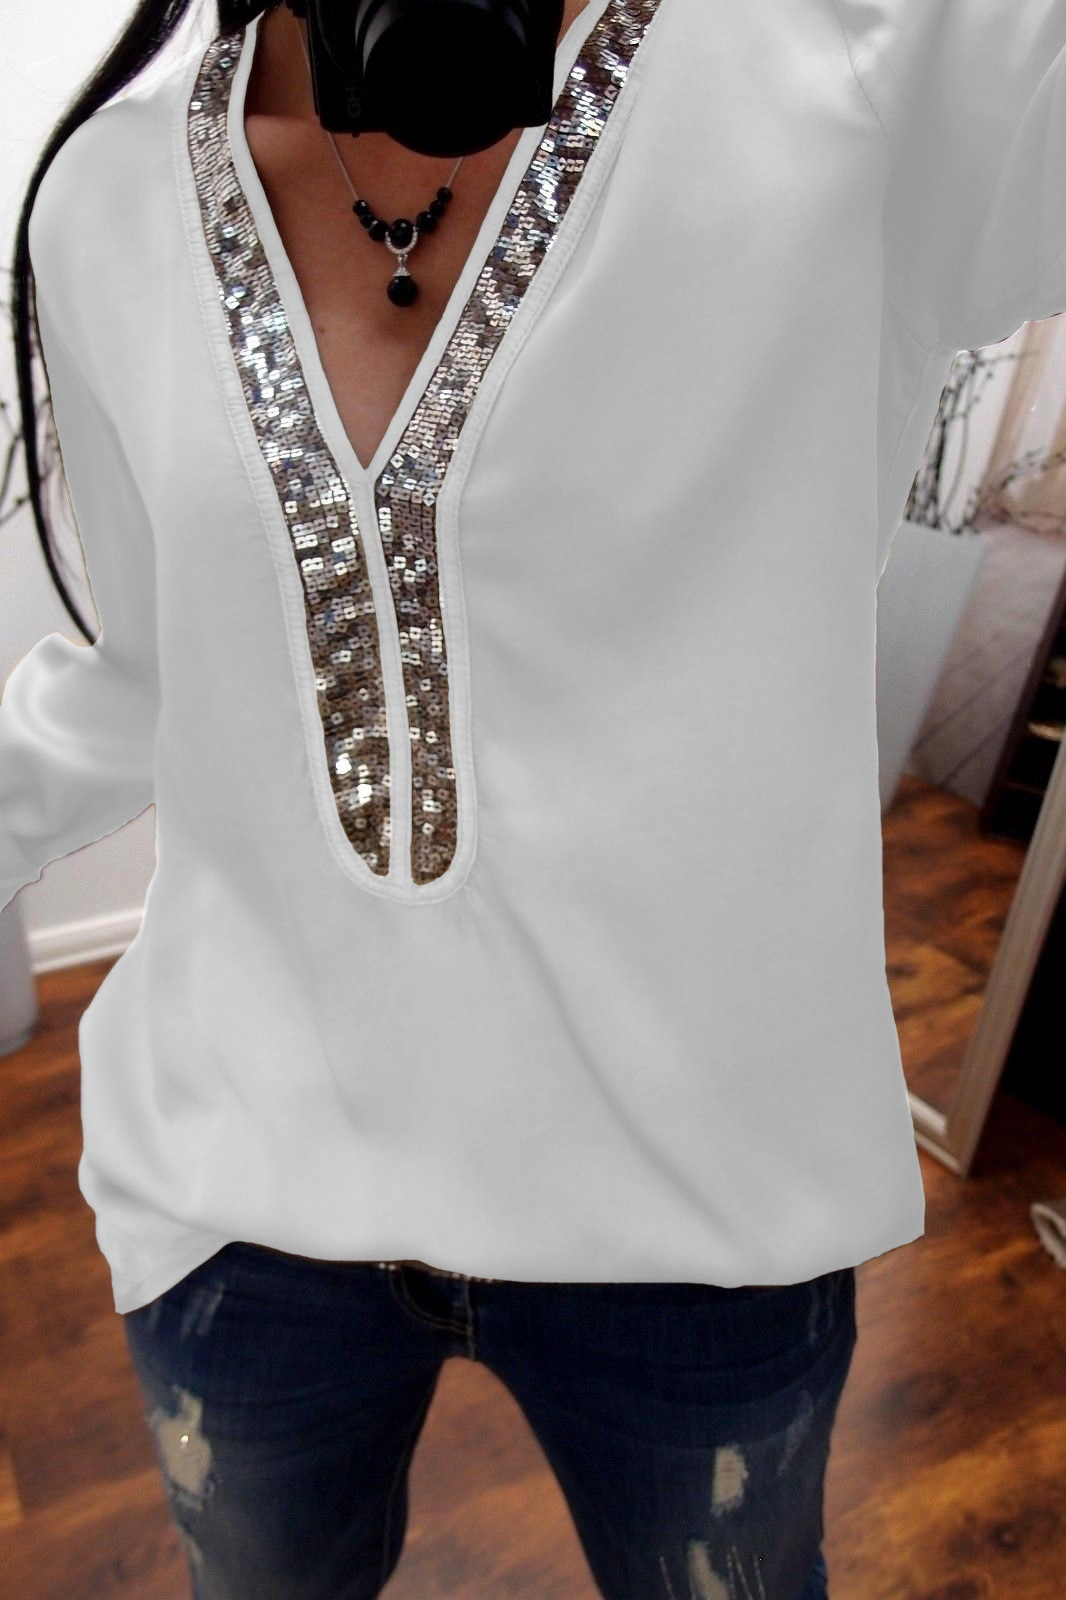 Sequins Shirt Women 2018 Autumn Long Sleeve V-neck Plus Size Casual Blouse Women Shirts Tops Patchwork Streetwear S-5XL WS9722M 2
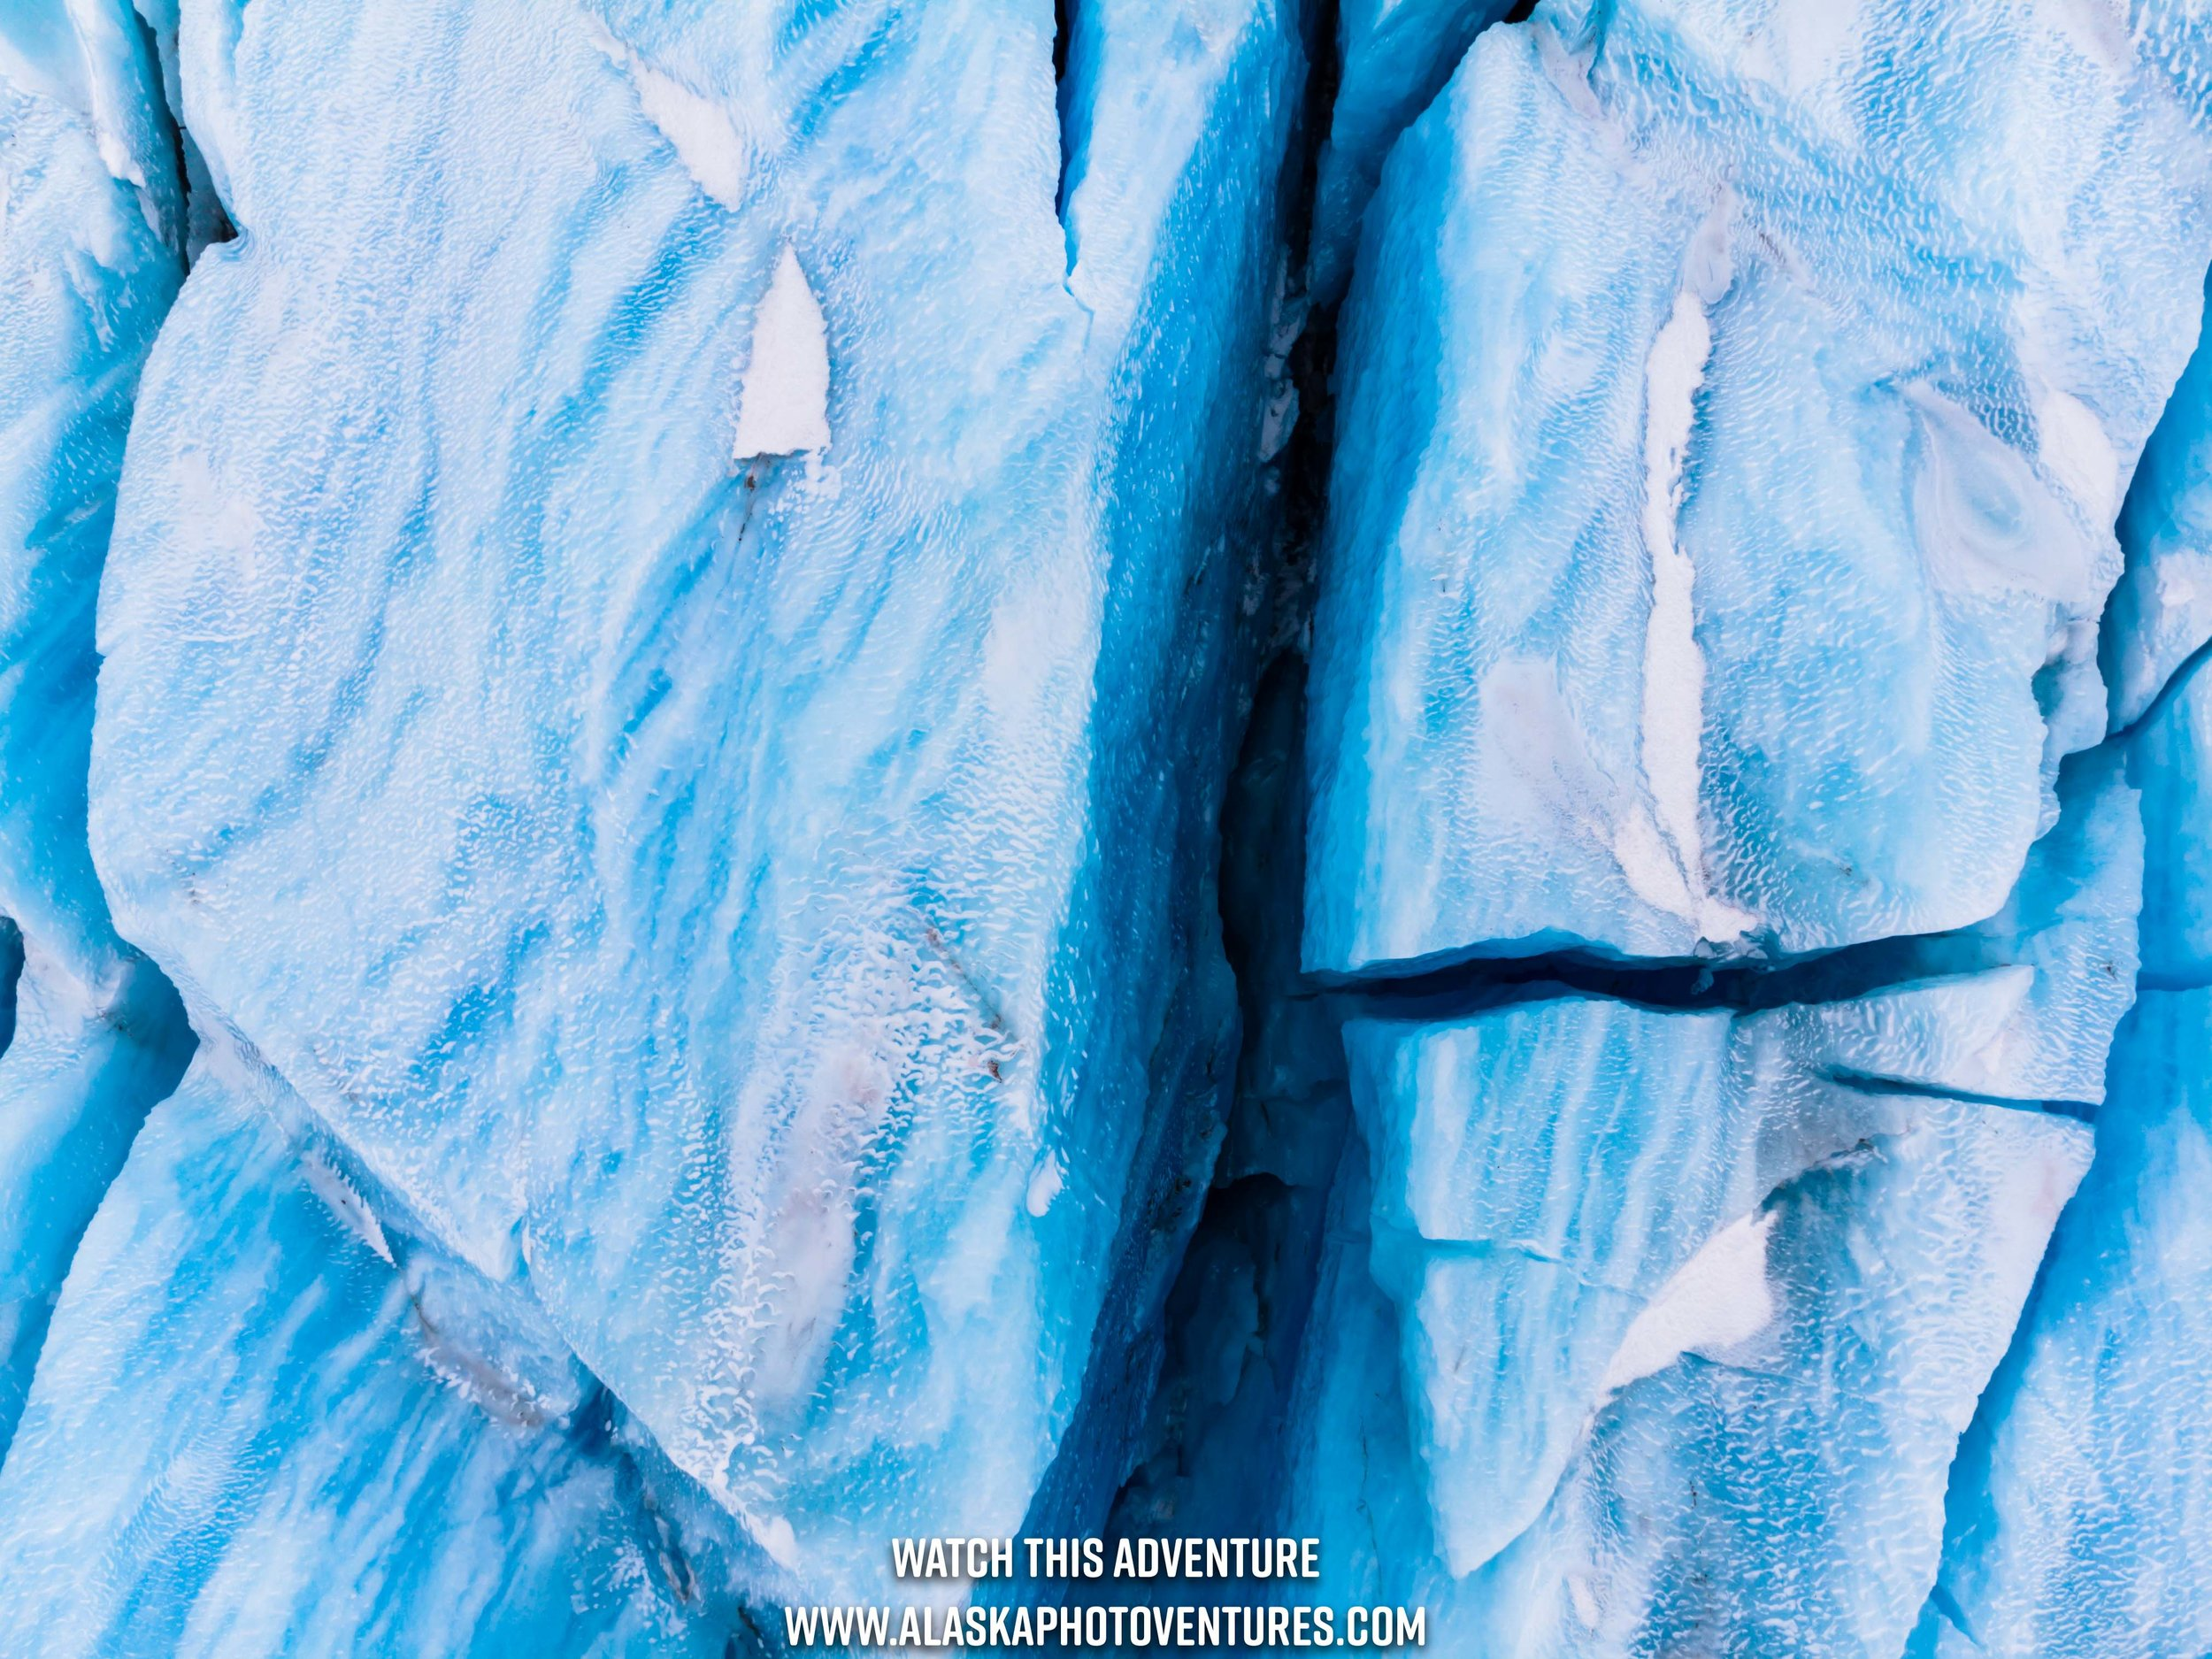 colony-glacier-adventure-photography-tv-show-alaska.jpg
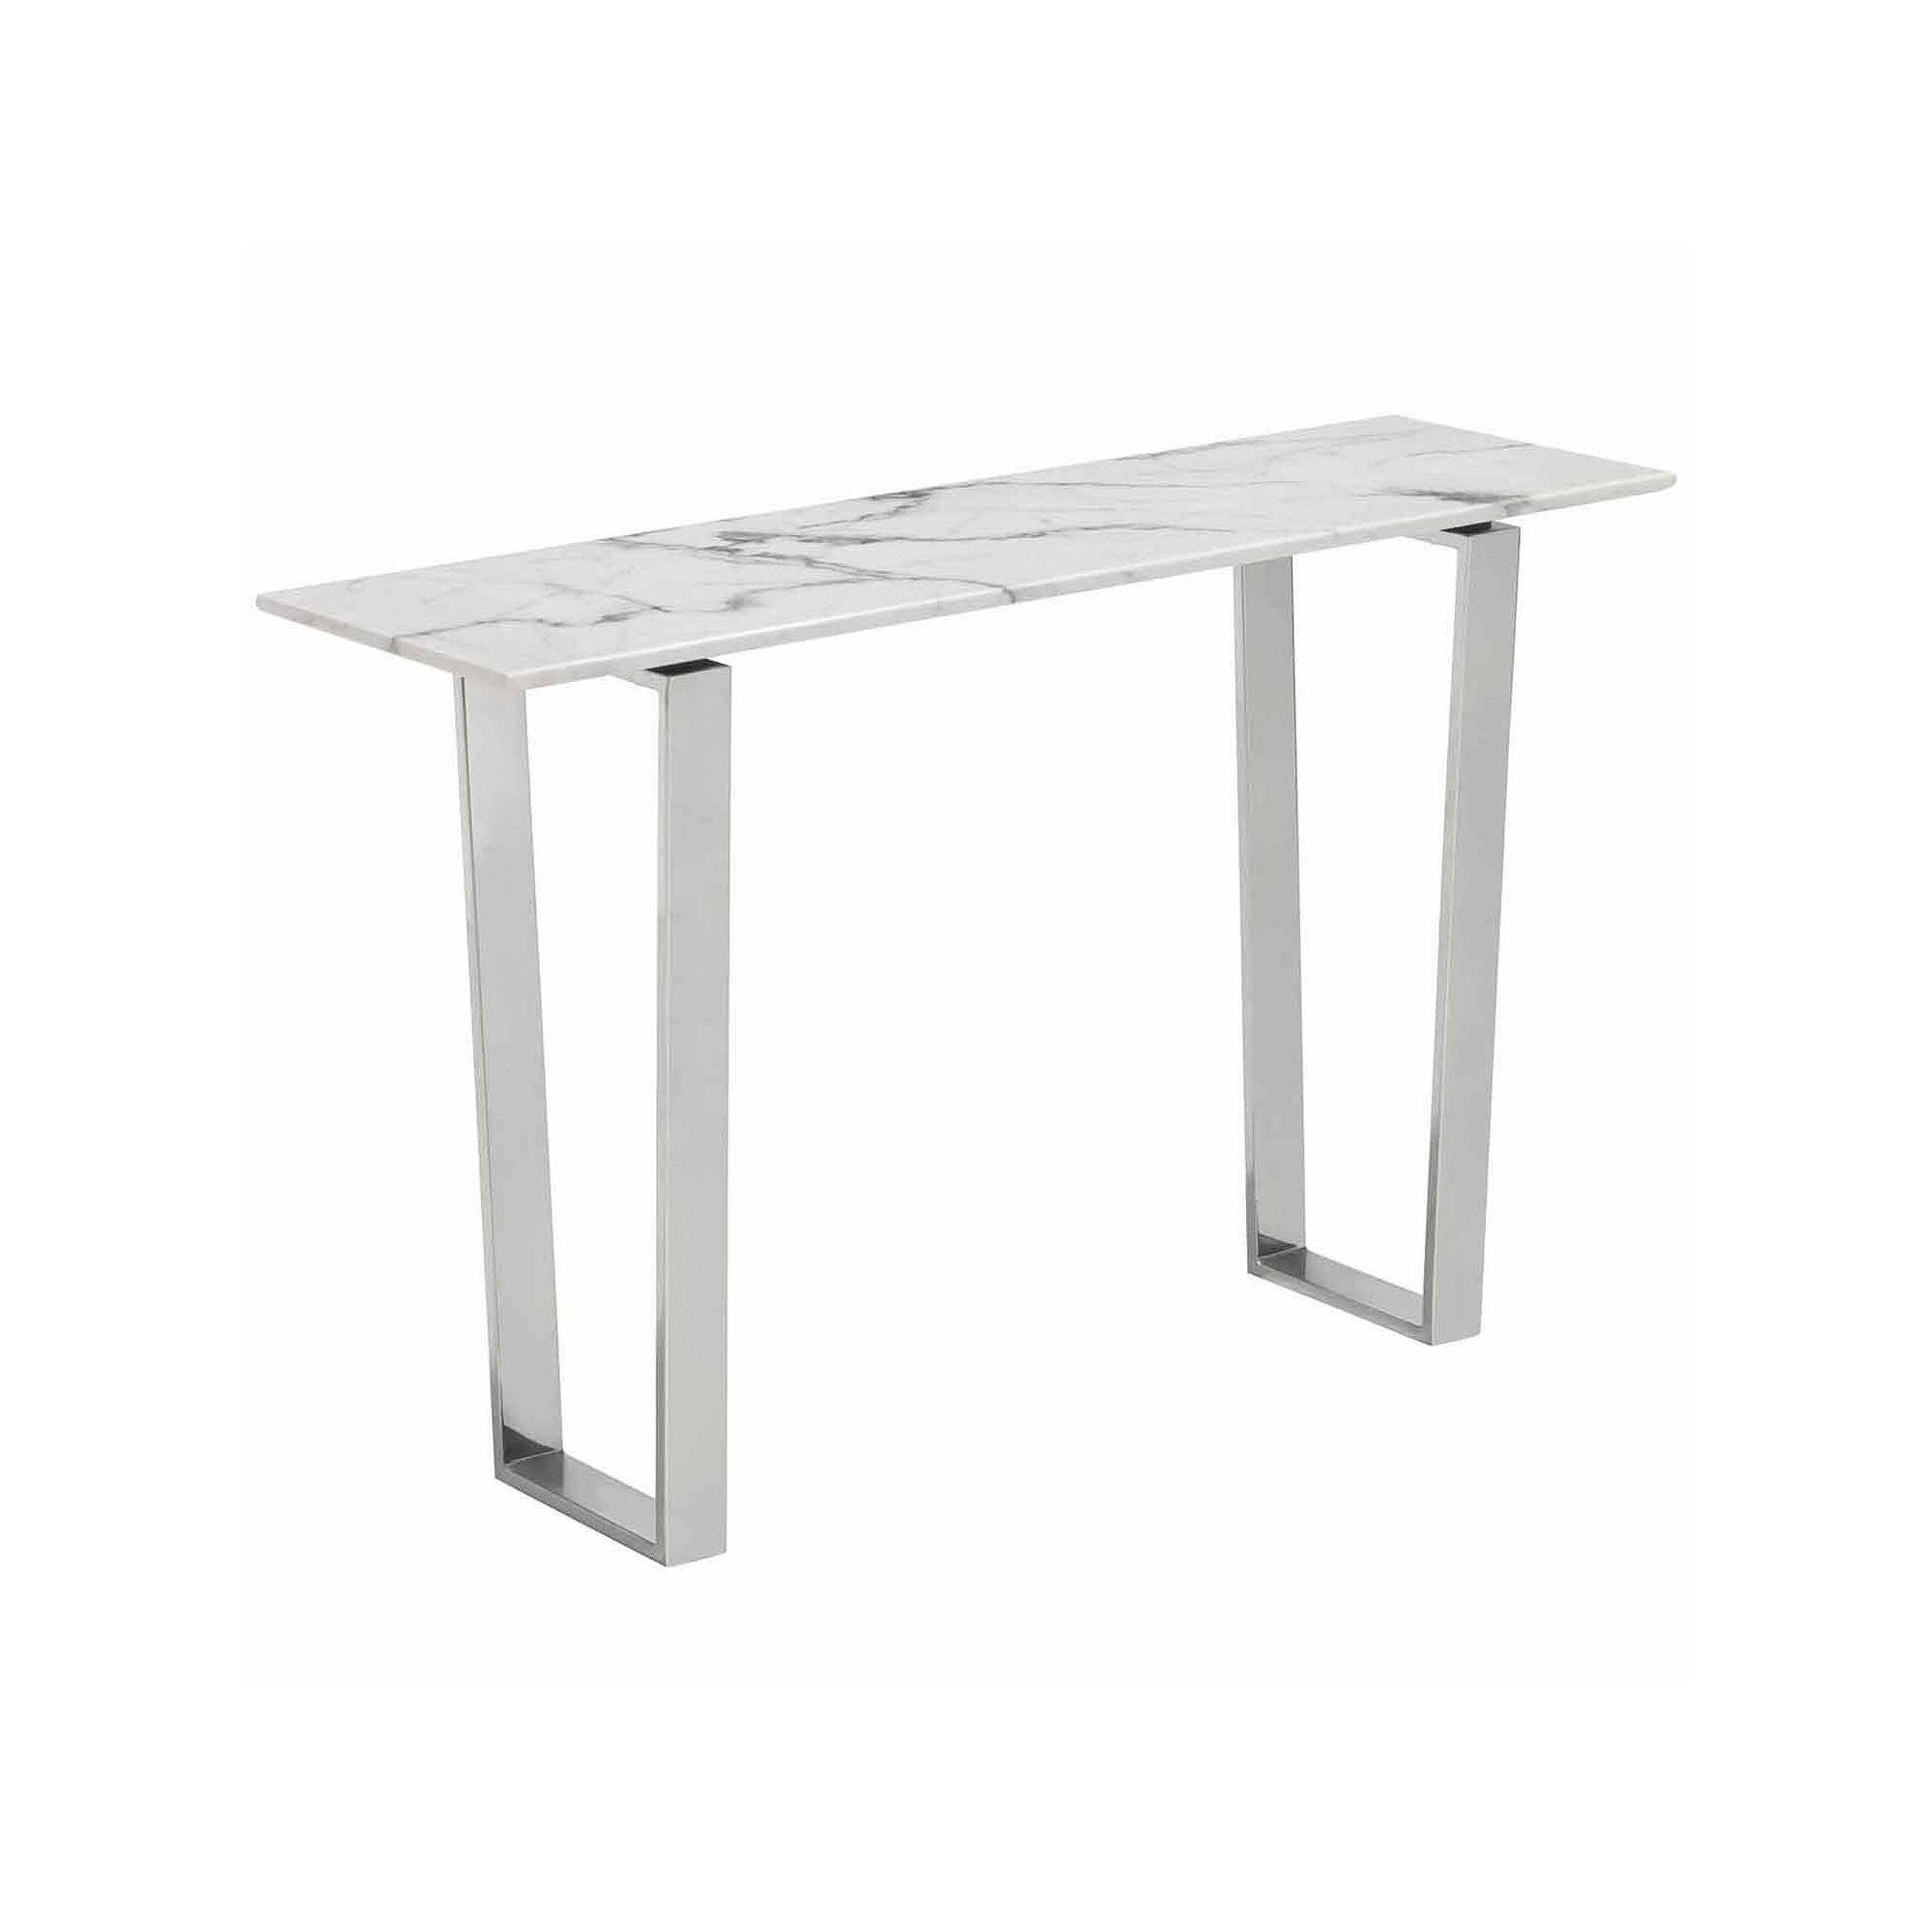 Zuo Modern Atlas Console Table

#### [EXERCISE DESCRIPTION]
Give back the material above exactly as it appears, minus the pictures.

#### [REPLY TO THE EXERCISE]
 Sequins Shirt Women 2018 Autumn Long Sleeve V-neck Plus Size Casual Blouse Women Shirts Tops Patchwork Streetwear S-5XL WS9722M 2
 colony-glacier-adventure-photography-tv-show-alaska.jpg
 Zuo Modern Atlas Console Table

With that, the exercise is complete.